If you want AI-assisted code review without handing your codebase to a hosted product, Alibaba's open-sourced open-code-review is worth a close look. It's a CLI tool that takes a Git diff, sends it to a configurable LLM backend, and returns actionable review comments — security issues, logic problems, style violations — directly in your terminal or CI pipeline.
The practical appeal is straightforward: you control the model and the data. Because it runs locally and talks to whatever LLM endpoint you point it at (including self-hosted models), sensitive code never has to leave your infrastructure. That matters for teams in regulated industries or anyone working on proprietary systems who can't justify sending source code to a third-party API.

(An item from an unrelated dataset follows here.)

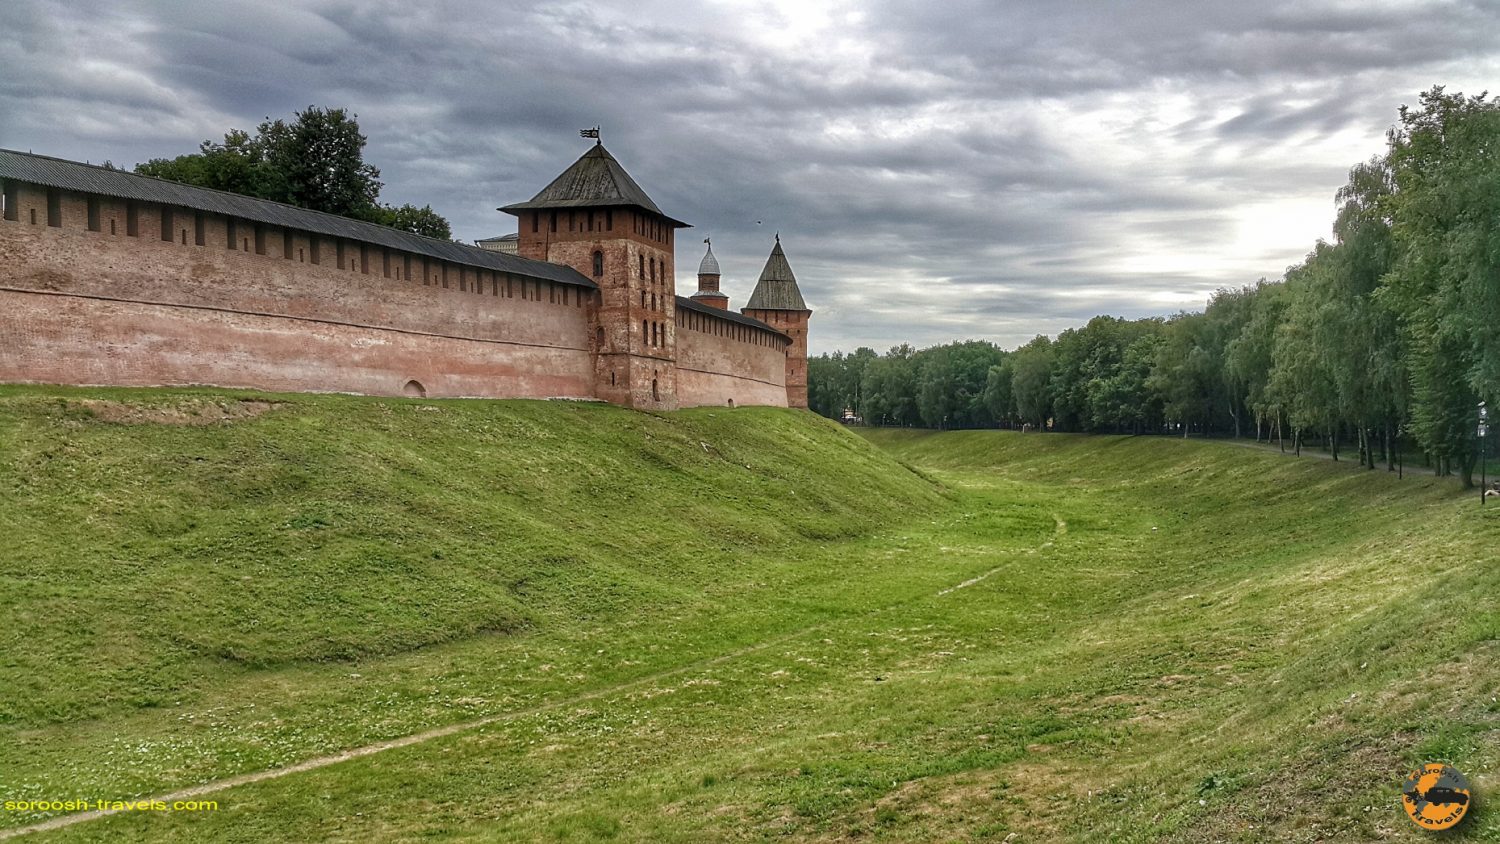 قلعه ولیکی نووگرود، روسیه - تابستان 1398 2019

Integration is the real strength here. Since it's a CLI, dropping it into a GitHub Actions workflow, a pre-commit hook, or a GitLab CI stage takes minutes. You can gate pull requests on review output, log findings to your existing tooling, or just run it interactively before pushing. The structured output makes it machine-readable, so building downstream automation on top of it is practical rather than aspirational.

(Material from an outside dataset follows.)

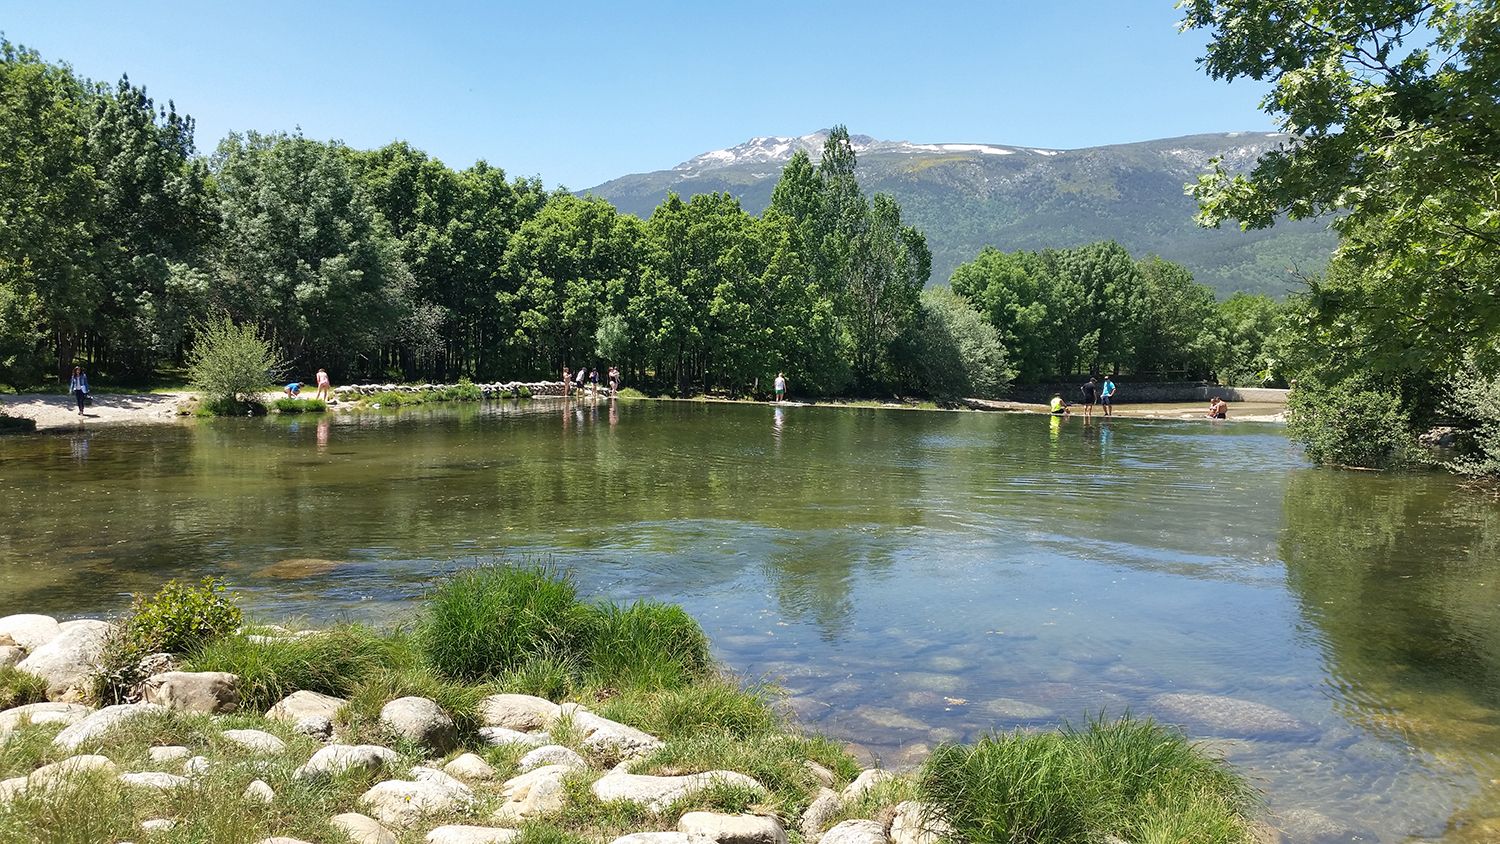 Las mejores piscinas naturales, pantanos o pozas donde refrescarse muy cerca de Madrid

The project is early-stage — expect rough edges and evolving configuration options — but the architecture is sensible. It's built around the idea that the review logic should be separate from the model choice, so swapping in a newer or cheaper model as the landscape shifts requires minimal rework.
For builders evaluating this: clone it, point it at a recent diff in a non-critical repo, and compare the output against what your team would catch manually. That's the fastest way to calibrate whether the signal-to-noise ratio justifies adding it to your workflow.